National and state taxpayer advocates have urged state legislators to put some teeth into that promise by signing the Taxpayer Protection Pledge sponsored by Americans for Tax Reform. The pledge is a commitment to the people of one's district and the state of Oklahoma to, "oppose and vote against any and all efforts to increase taxes," said Grover Norquist, president of Americans for Tax Reform.
"Taxpayers hear empty promises every day from elected officials in Washington about spending and taxes, only to end up disappointed because government decides it wants more and more," said Brian Downs, executive director of Oklahomans for Responsible Government. "Signing this pledge to keep all tax increases off the table while fixing Oklahoma 's budget gap will give taxpayers some peace of mind that their government leaders here in Oklahoma are listening to them."

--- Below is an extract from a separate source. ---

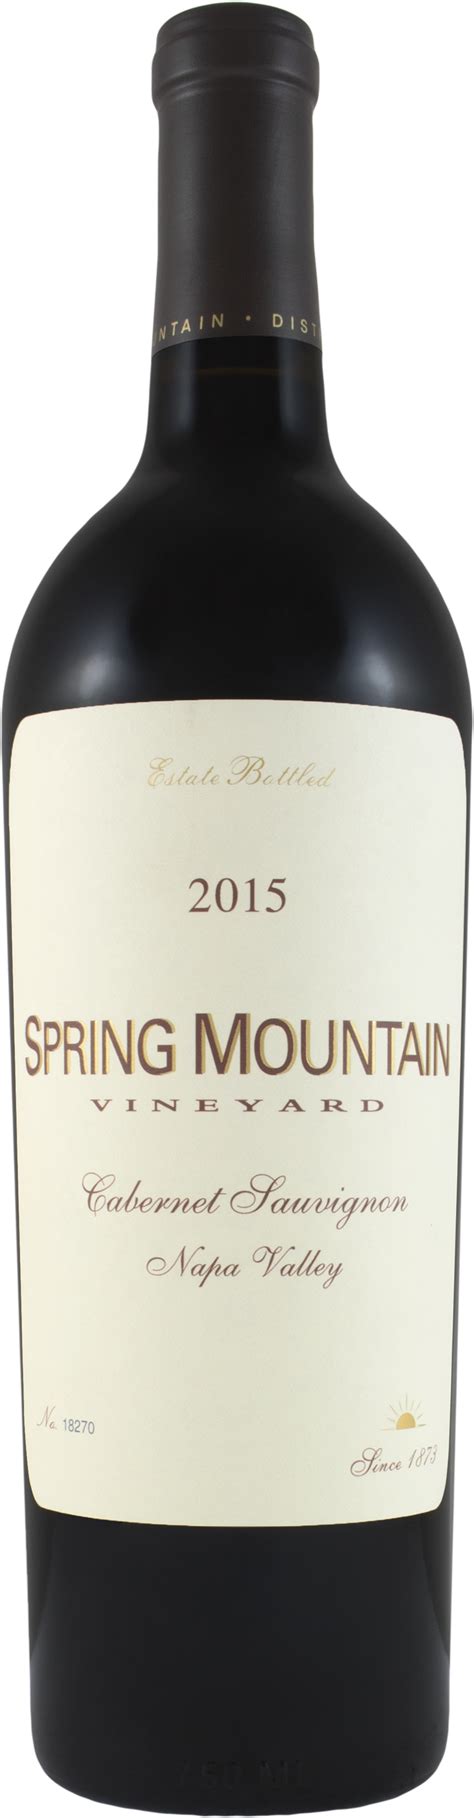 2015 Spring Mountain Vineyard Cabernet Sauvignon Wine Library

"The budget situation could very well get worse in the next several months, and then could get downright ugly if things like SQ 744 and Obama's Medicaid expansion come to pass," added Brandon Dutcher, vice president of the Oklahoma Council of Public Affairs and chairman of the Oklahoma center-right coalition meeting. "Oklahomans already spend more time working to pay taxes than to pay for food, clothing, and shelter combined. They need assurances from their state legislators that enough is enough."
Most legislators, especially those who believe in big government, view the budget problem as a looming disaster. But, some see the shortfall as an opportunity to set priorities, streamline Oklahoma government, and make it more efficient. The 2010 legislative session should prove to be interesting.